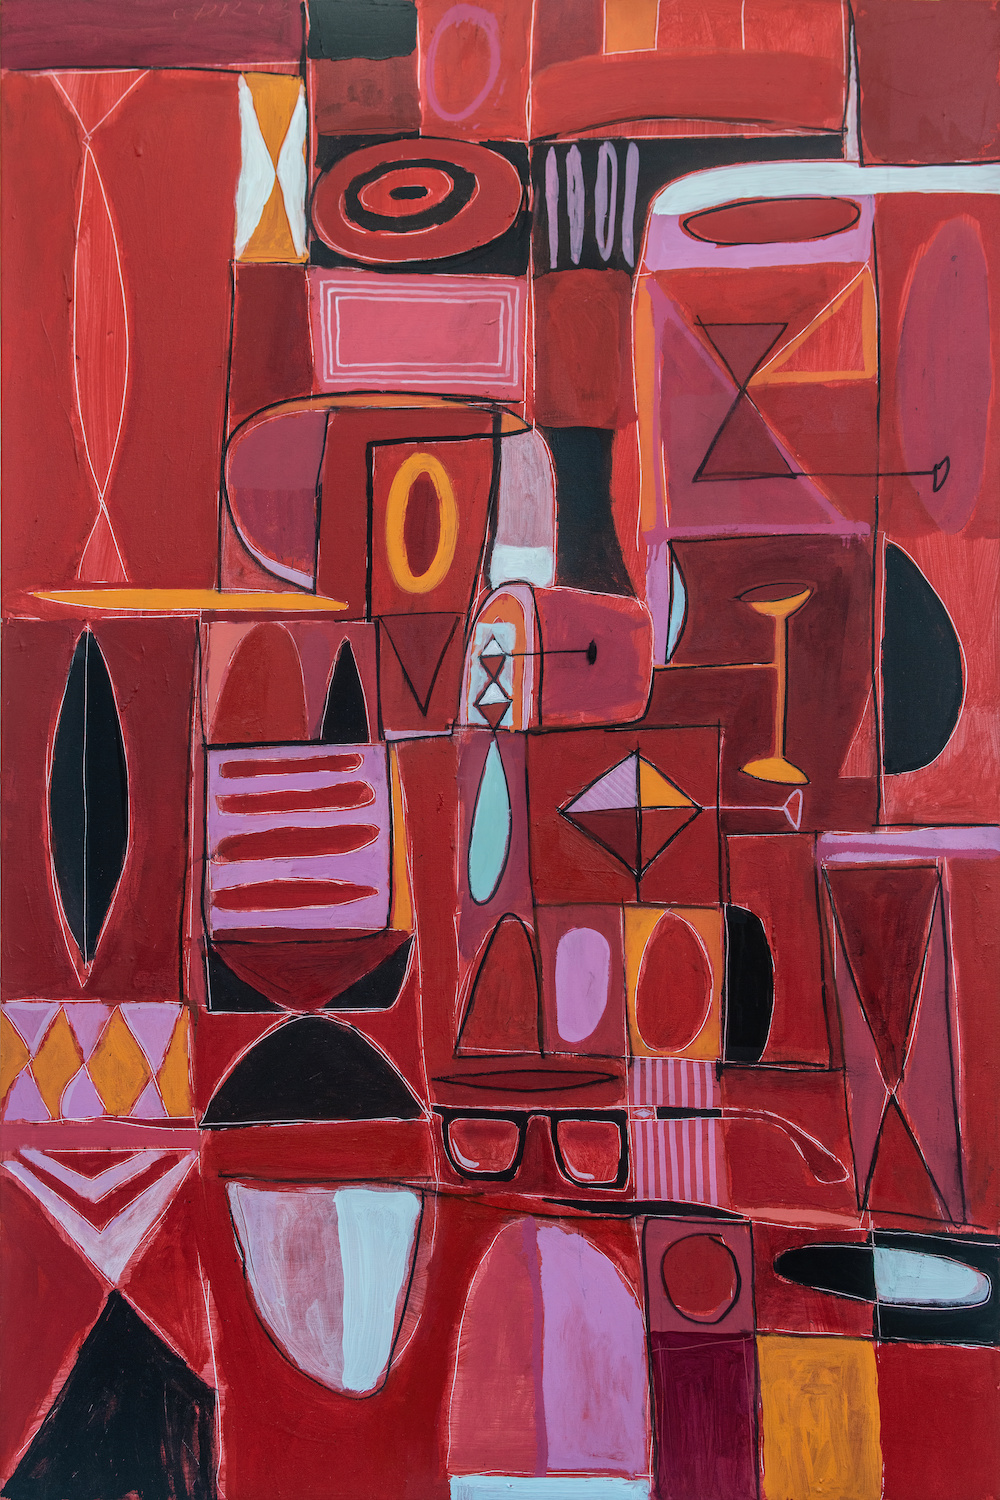 Une peinture abstraite de formes géométriques dans des tons rouges, noirs et orange.
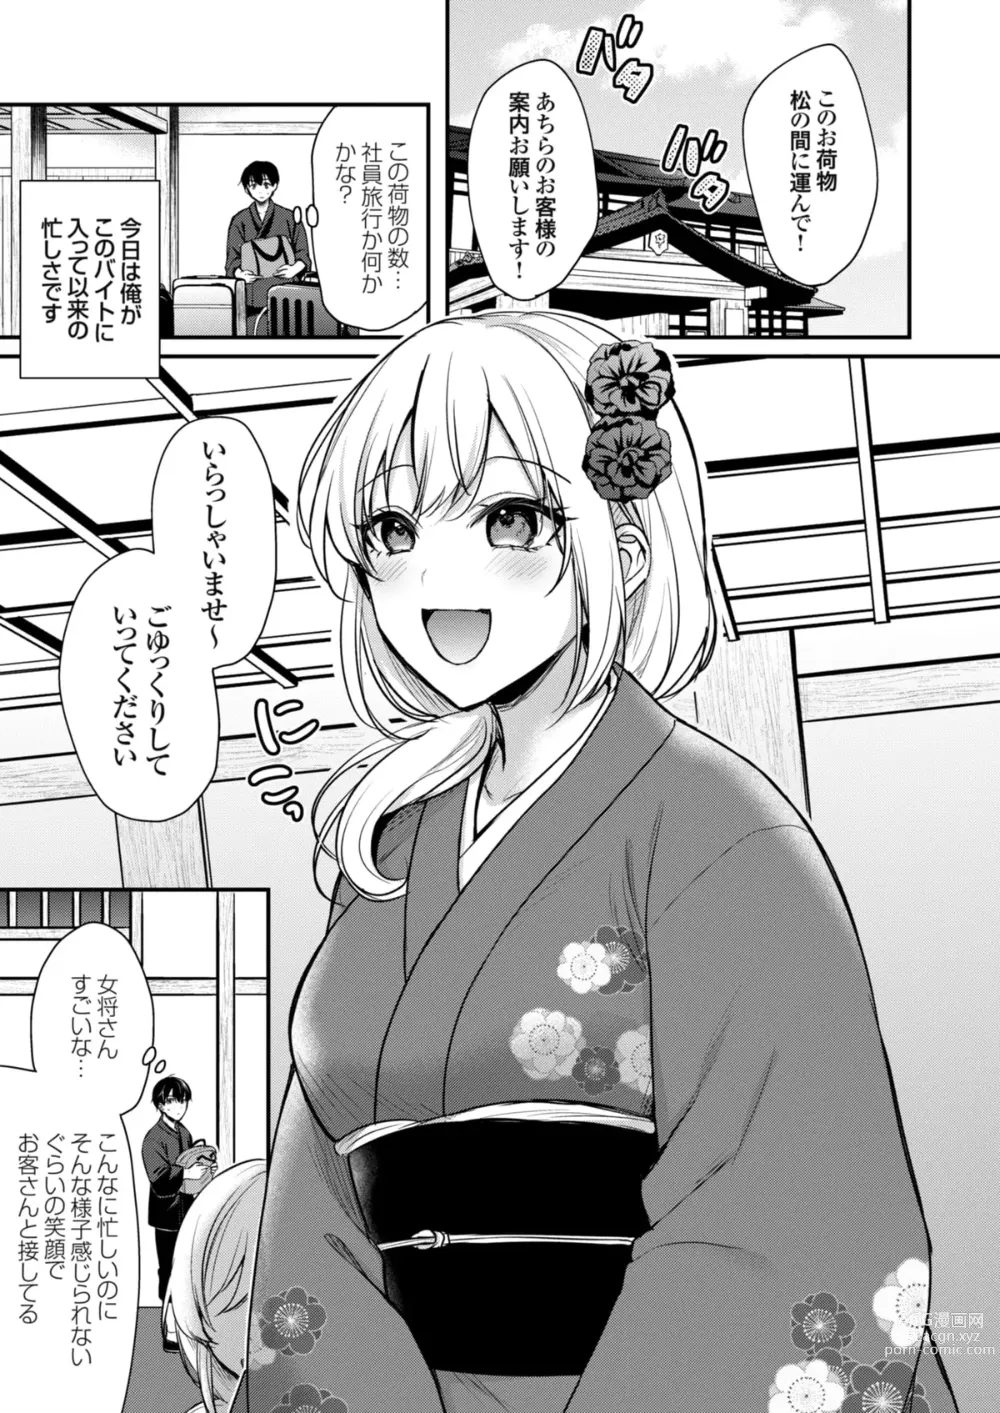 Page 3 of manga Ore no Natsuyasumi wa Gal no Wakaokami to Beit Seikatsu!?
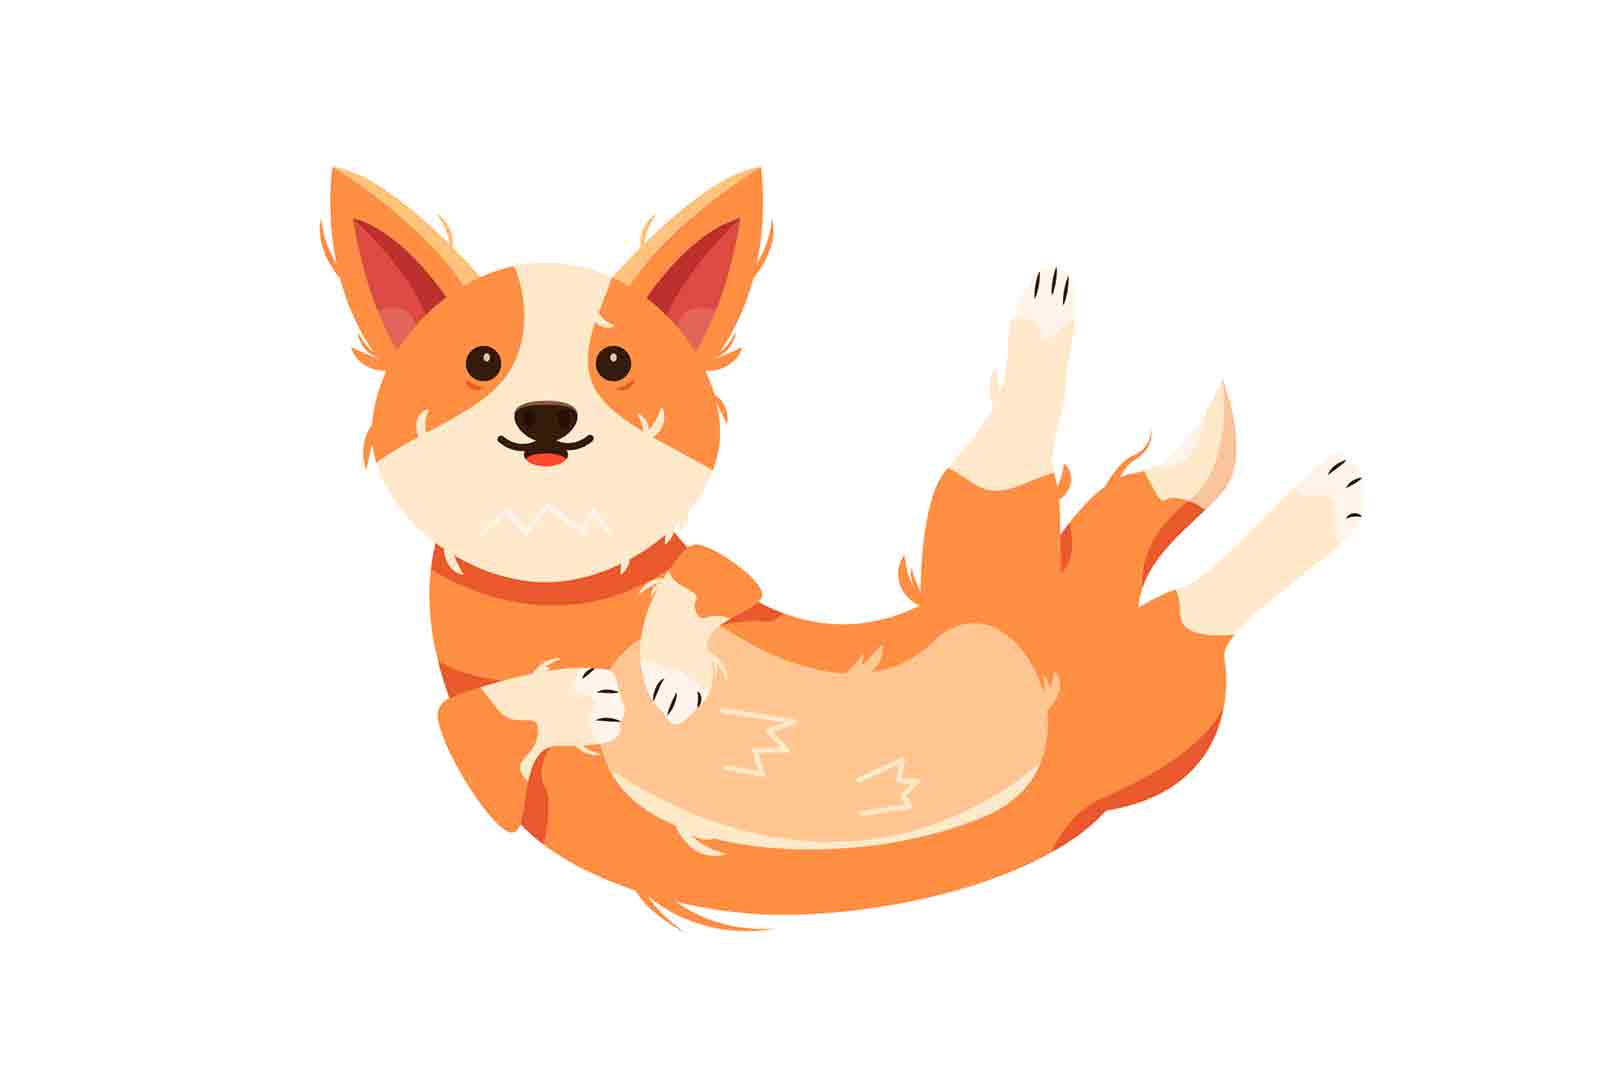 Corgi dog icon isolated on white background, flat vector illustration.
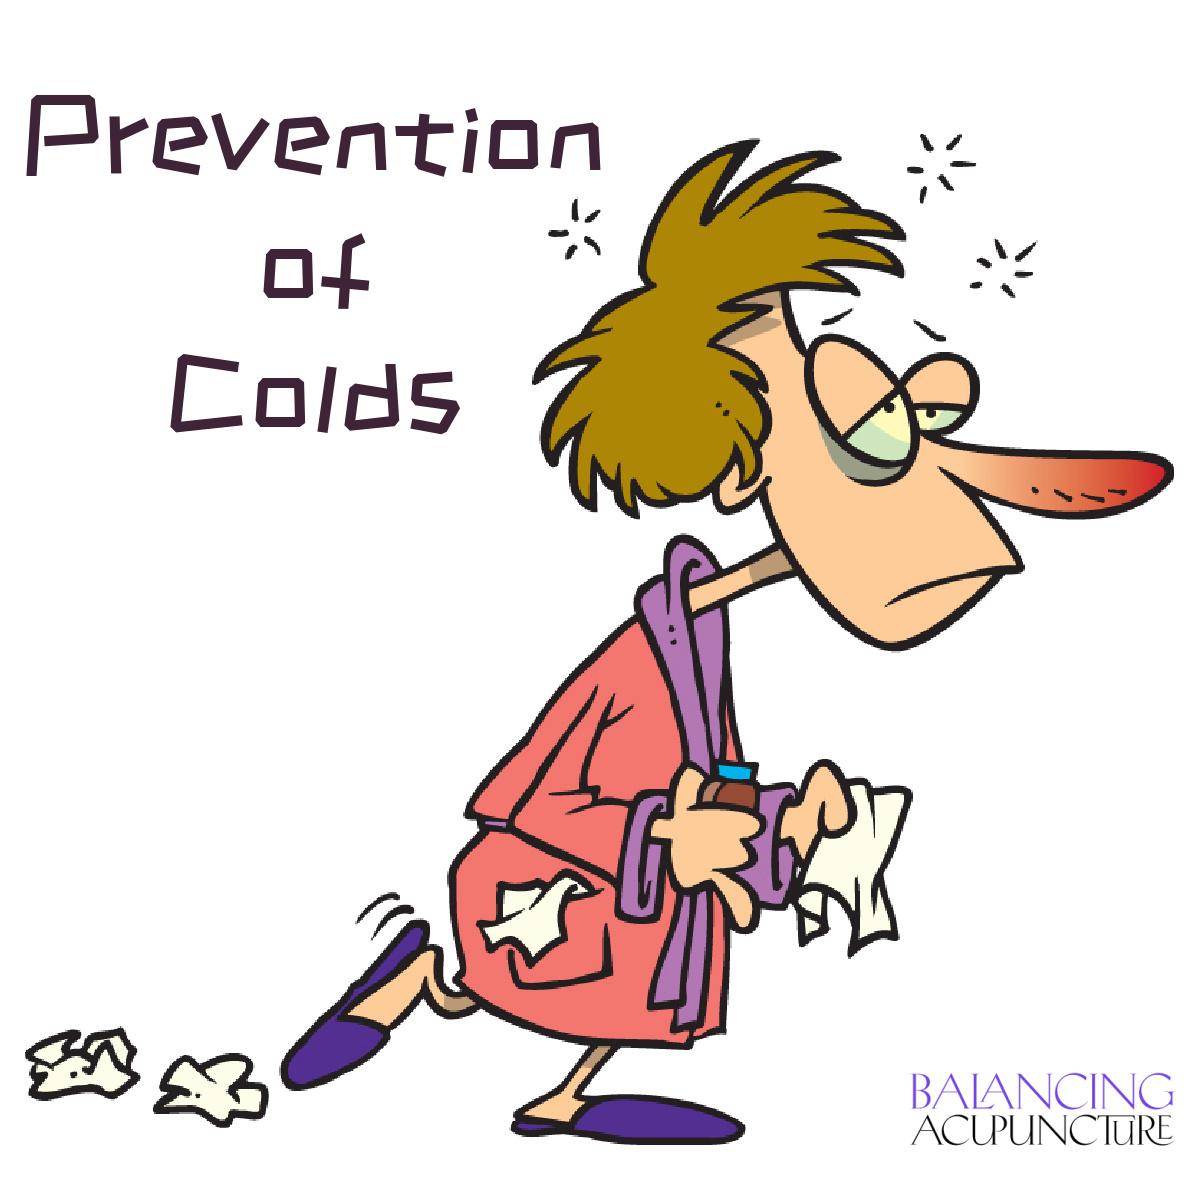 Prevention of coldsjpg
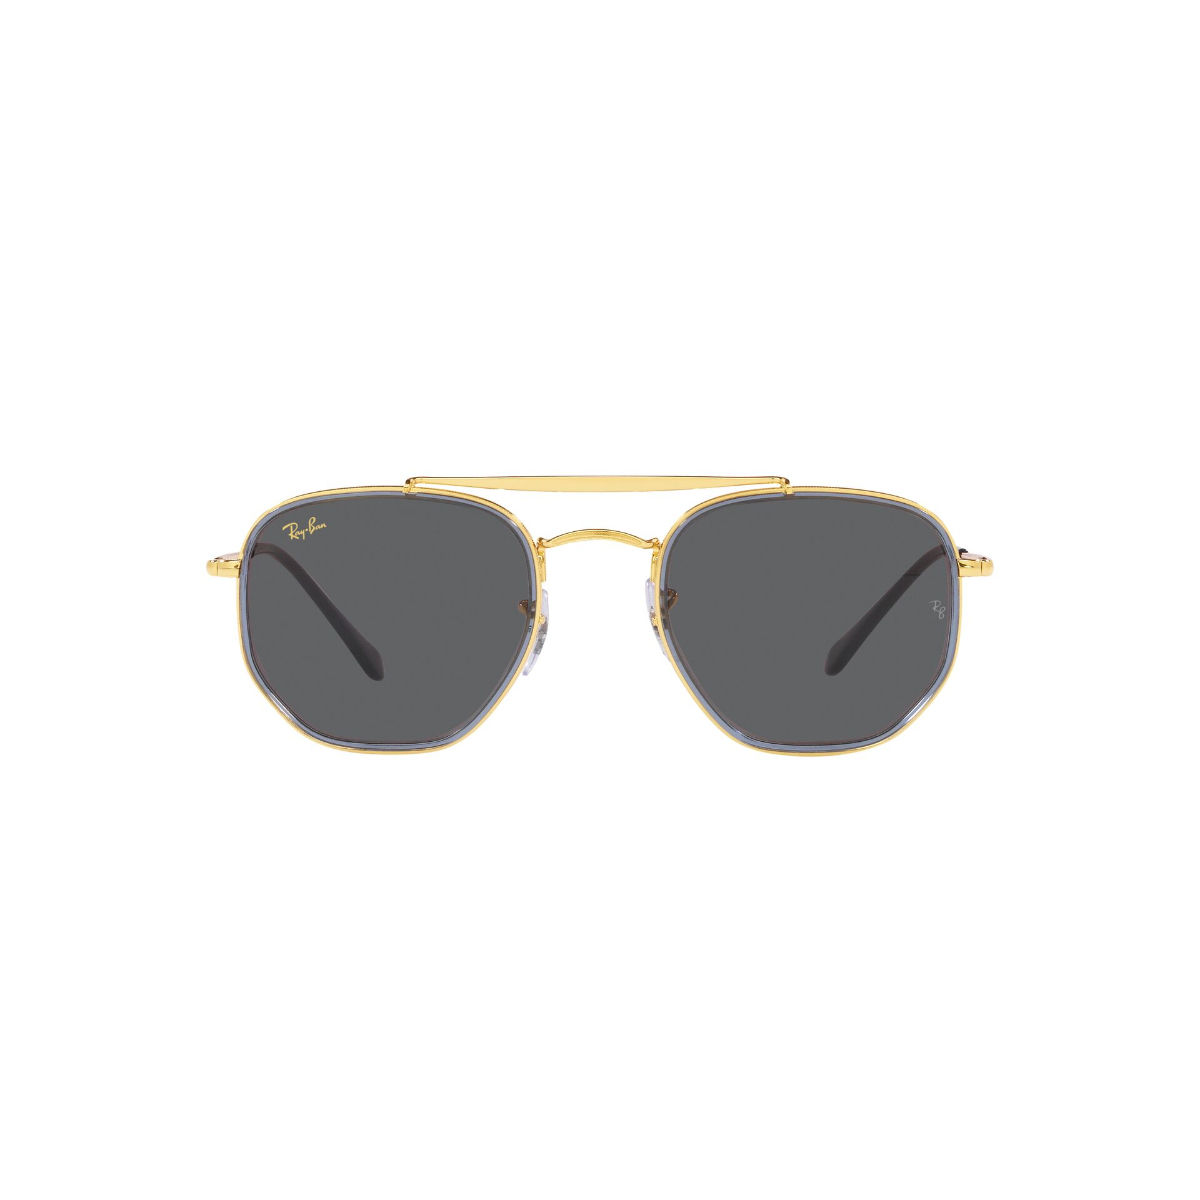 Cazal Sunglasses Men's Legends 745/3 004 Gold-Ivory/Gold Mirror Lenses 48mm  | EyeSpecs.com

◆ ◆ ◆ ◆

> **What you will do**
Word for word, return the records shown above without their pictures.

> **Task solution**
 Une peinture abstraite de formes géométriques dans des tons rouges, noirs et orange.
 Page 3 of manga Ore no Natsuyasumi wa Gal no Wakaokami to Beit Seikatsu!?
 Corgi dog icon isolated on white background, flat vector illustration.
 Prevention of coldsjpg
 Cazal Sunglasses Men's Legends 745/3 004 Gold-Ivory/Gold Mirror Lenses 48mm  | EyeSpecs.com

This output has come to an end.